Performance:#

One of the main goals of this project is to provide high performance plotting capabilities for large datasets lazily. Building on top of hyperspy the most important performance consideration was how can we avoid loading large datasets into memory until absolutely necessary. Can we create a workflow where users can interactively explore large datasets, transform them through things like filtering, background subtractions, peak finding, and only interact with bits and pieces of the data when absolutely necessary.

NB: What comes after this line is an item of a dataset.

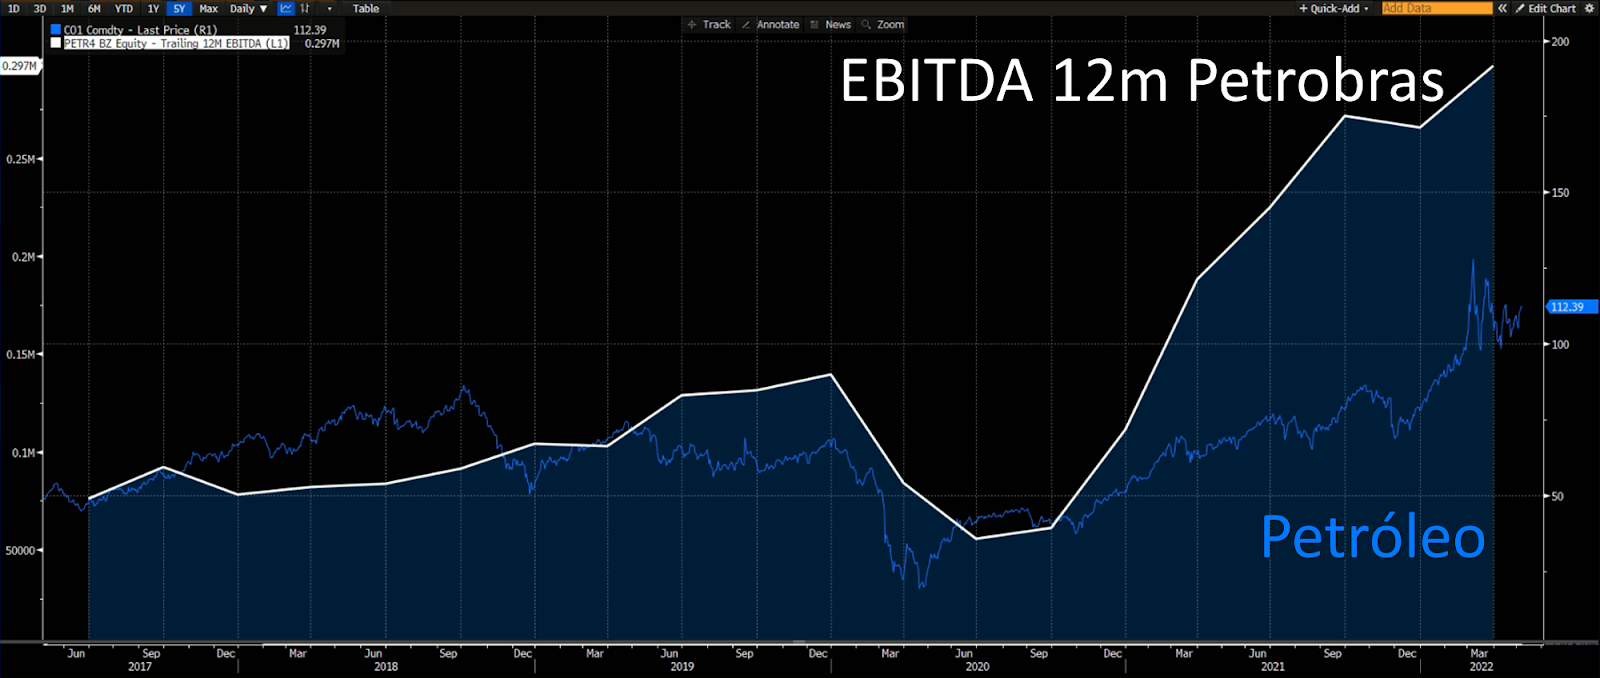 Gráfico apresenta Petróleo Brent e EBITDA Petrobras.
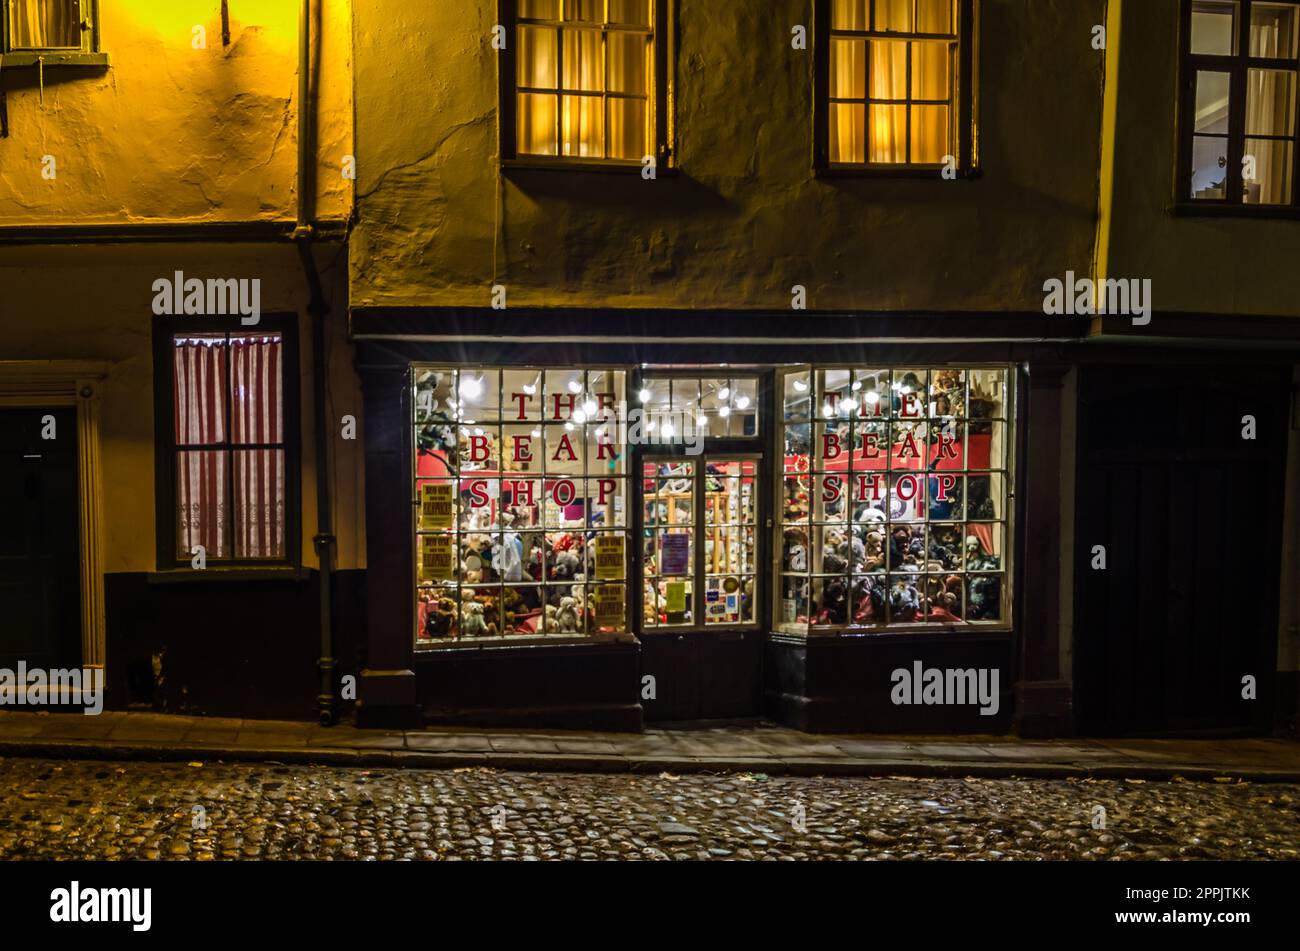 NORWICH, INGHILTERRA, Regno Unito - 29 DICEMBRE 2013: Vista notturna del negozio di orsacchiotti "The Bear Shop" nella città vecchia di Norwick, Norfolk, Inghilterra, Regno Unito Foto Stock

End-to-end lazy data pipeline#

The first part of this is achieved through an end-to-end lazy data pipeline. In SpyDE this is visualized as a SignalTree. Each node represents a hyperspy signal object. In hyperspy most lazy operations are implemented through the map function. These are functions that operate on the signal of the dataset. Think 1 diffraction pattern in a 4D STEM dataset, 1 EDS or EELS spectrum, or 1 image in an in situ TEM time series. The idea is that you can build a workflow. Something like:

  1. Load 4D STEM dataset

  2. Apply a background subtraction to each diffraction pattern

  3. Find peaks in each diffraction pattern

  4. Build a strain matrix from the peak positions

In SpyDE each of these steps would be represented as a node in the SignalTree and will share the same navigation image. You can toggle between the different nodes to visualize the results which will be computed as needed for display. This can cause extra delay for visualization, but most operations are very fast. This also allows us to easily play with different processing parameters, even compare before computing/saving the entire strain matrix.